You can load data into ADS in several different ways from Oracle Cloud Infrastructure Object Storage, cx_Oracle, or S3.  Following are some examples.

Begin by loading the required libraries and modules:

.. code-block:: python3

    import ads
    import numpy as np
    import pandas as pd

    from ads.dataset.dataset_browser import DatasetBrowser
    from ads.dataset.dataset import ADSDataset
    from ads.dataset.dataset_with_target import ADSDatasetWithTarget

Object Storage
==============

To open a dataset from Object Storage using the resource principal method, you can use the following example, replacing the angle bracketed content with the location and name of your file:

.. code-block:: python3

  import ads
  import os

  ads.set_auth(auth='resource_principal')
  bucket_name = <bucket-name>
  file_name = <file-name>
  namespace = <namespace>
  storage_options = {'config':{}, 'tenancy': os.environ['TENANCY_OCID'], 'region': os.environ['NB_REGION']}
  ds = ADSDataset(
    df=pd.read_csv(f"oci://{bucket_name}@{namespace}/{file_name}.csv"),
    storage_options=storage_options
  )


To open a dataset from Object Storage using the Oracle Cloud Infrastructure configuration file method, include the location of the file using this format ``oci://<bucket_name>@<namespace>/<file_name>`` and modify the optional parameter ``storage_options``. Insert:

* The path to your `Oracle Cloud Infrastructure configuration file <https://docs.cloud.oracle.com/en-us/iaas/Content/API/SDKDocs/cliconfigure.htm>`_,
* The profile name you want to use.

For example:

.. code-block:: python3

  ds = ADSDataset(
    df=pd.read_csv(f"oci://{bucket_name}@{namespace}/{file_name}.csv"),
    storage_options={
     "config": "~/.oci/config",
     "profile": "DEFAULT"
    }
  )

Local Storage
=============

To open a dataset from a local source, use ``pandas`` to load the file into a dataframe, convert it to ``ADSDataset`` and specify the path of the data file:

.. code-block:: python3

  ds = ADSDataset(df=pd.read_csv("/path/to/data.csv"))

Oracle Database
---------------

.. image:: images/cx_Oracle.jpeg
  :height: 150
  :alt: cx_Oracle Logo

To connect to Oracle Databases from Python, you use the ``cx_Oracle`` package that conforms to the Python database API specification.

You must have the client credentials and connection information to connect to the database.
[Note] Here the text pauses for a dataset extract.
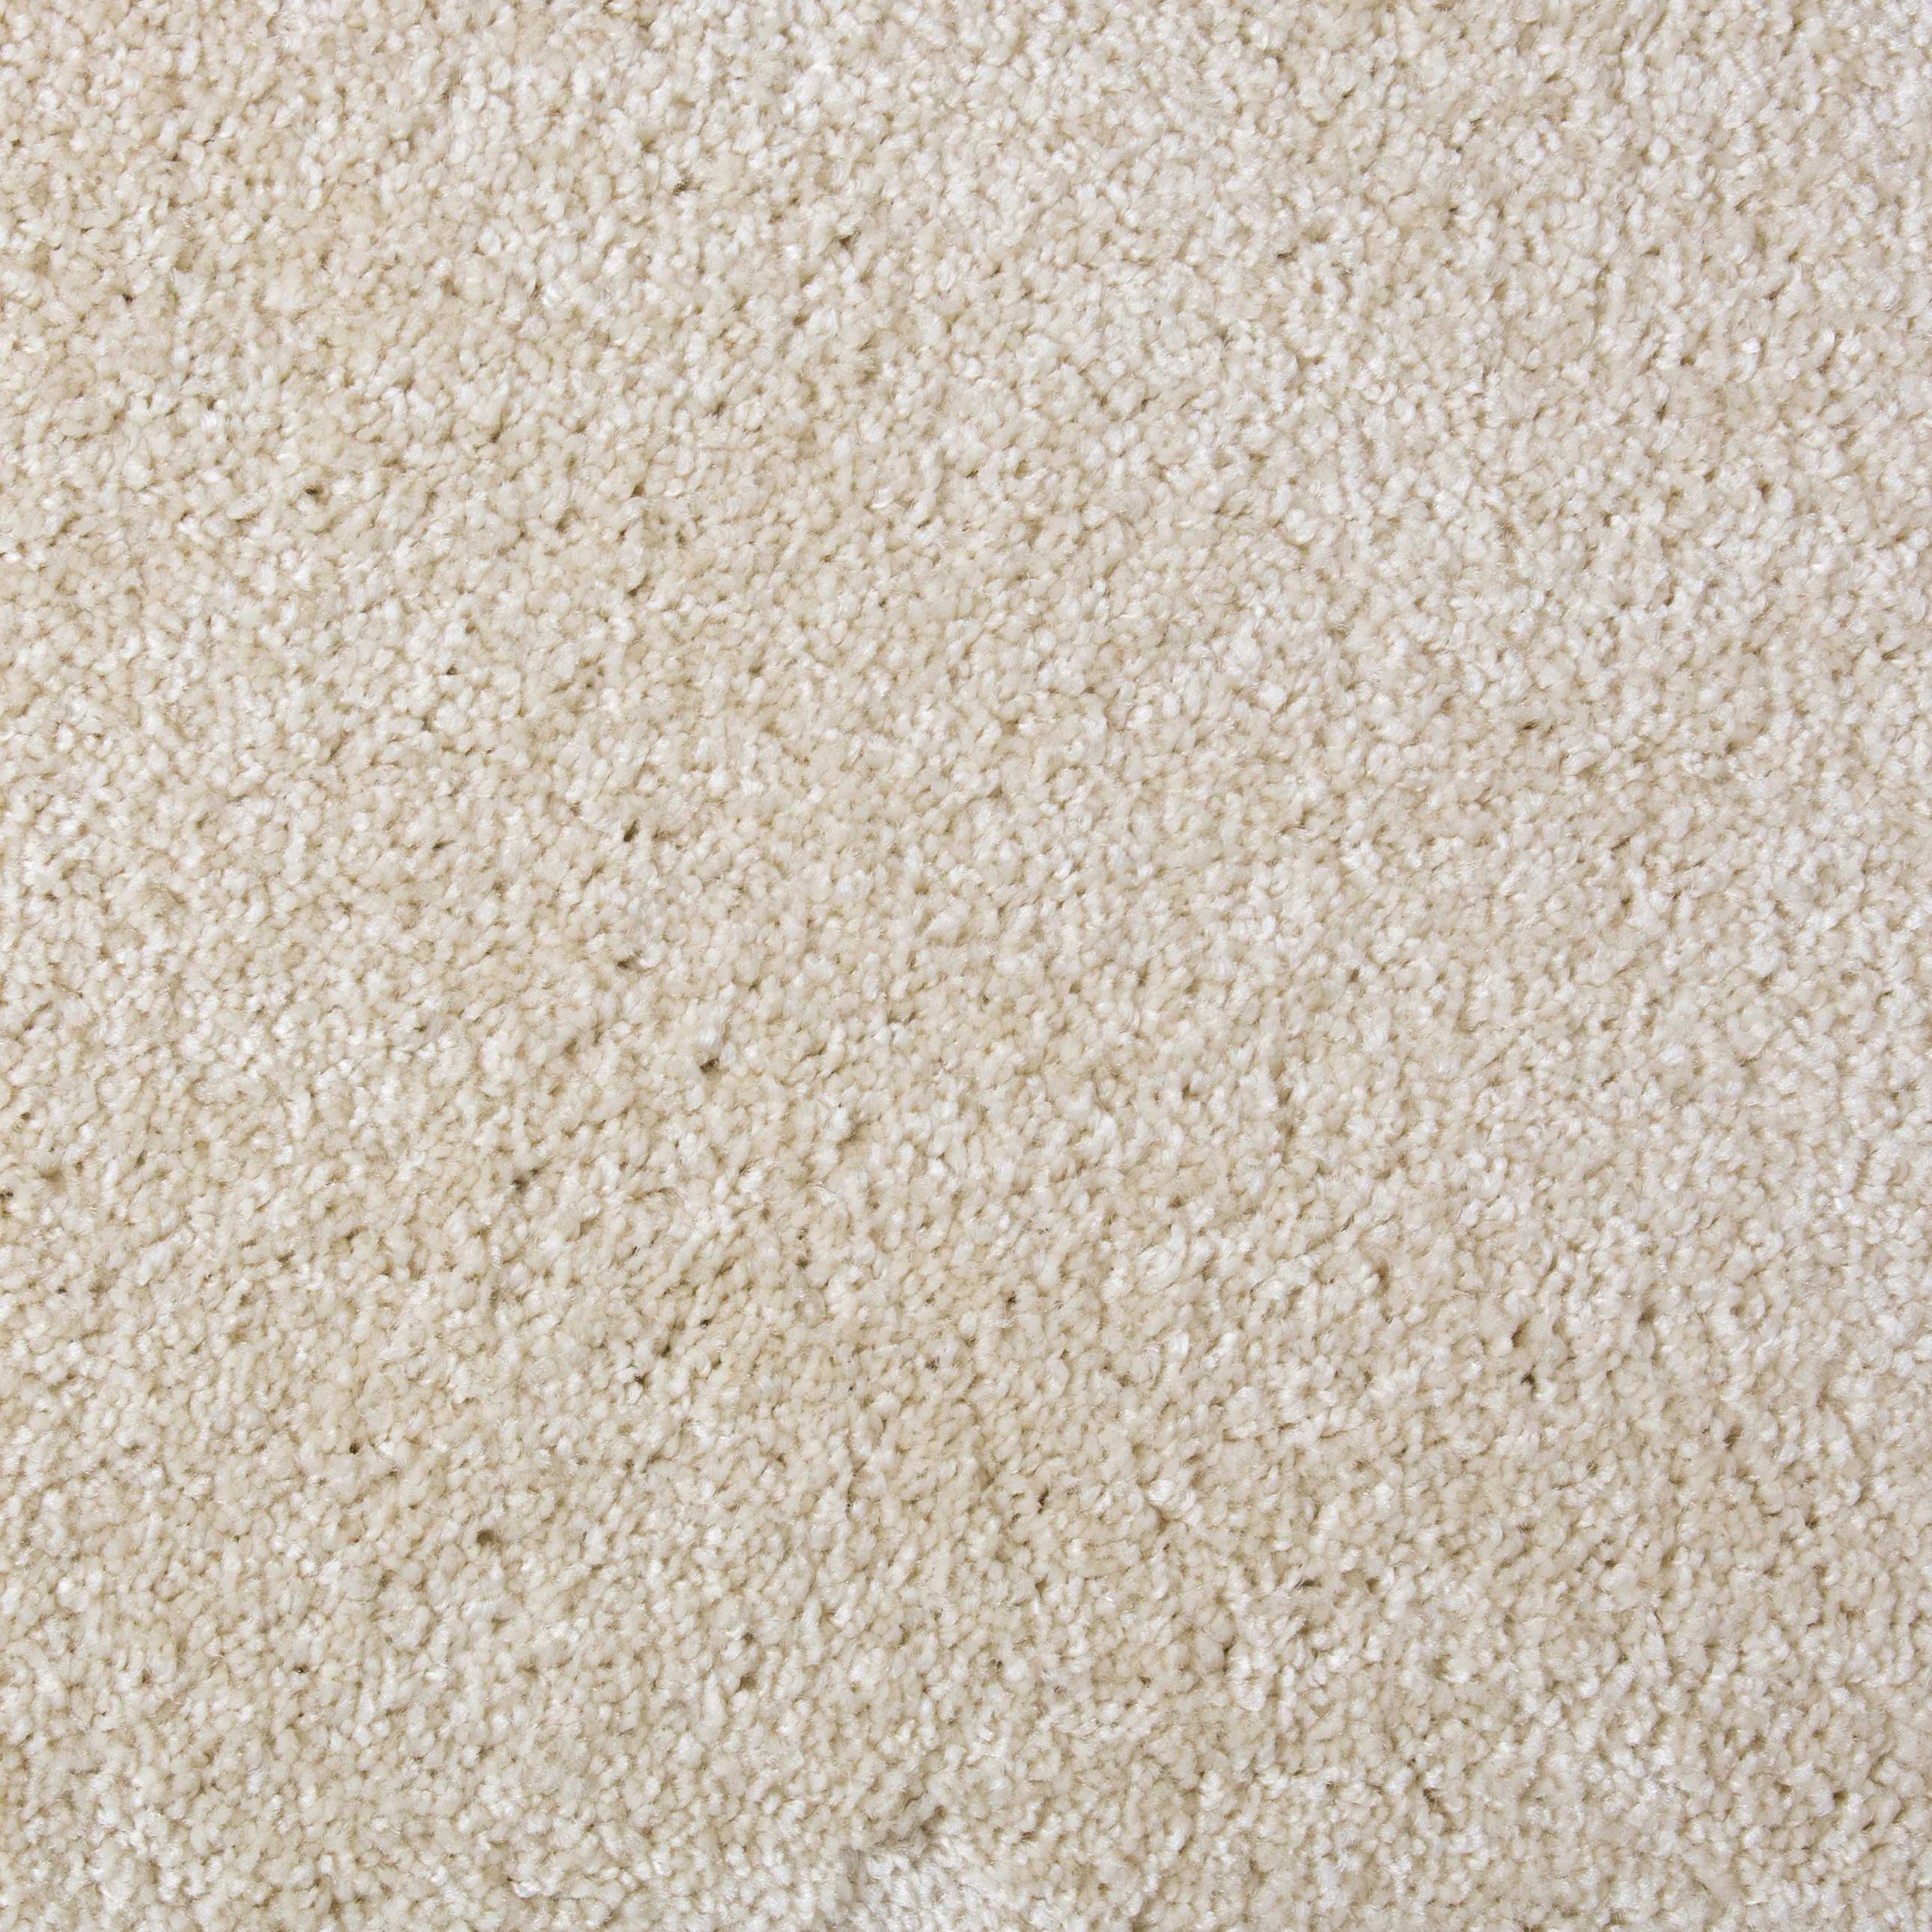 Teppichboden Rom Weiß Meterware 400 cm breit kaufen bei OBI

The client credentials include the wallet, which is required for all types of connections. Use these steps to work with ADB and wallet files:

  #. From the Console, go to the Oracle Cloud Infrastructure ADW or ATP instance page that you want to load the dataset from, and then click ``DB Connection``.
  #. Click Download Wallet.
  #. You have to enter a password. This password is used for some ADB connections, but not the ones that are used in the notebook.
  #. Create a folder for your wallet in the notebook environment (*<path_to_wallet_folder>*).
  #. Upload your wallet files into *<path_to_wallet_folder>* folder using the Jupyterlab Upload Files button.
  #. Open the ``sqlnet.ora`` file from the wallet files, and then configure the METHOD_DATA to be: ``METHOD_DATA = (DIRECTORY="<path_to_wallet_folder>")``
  #. Set the env variable, ``TNS_ADMIN``. ``TNS_ADMIN``, to point to the wallet you want to use.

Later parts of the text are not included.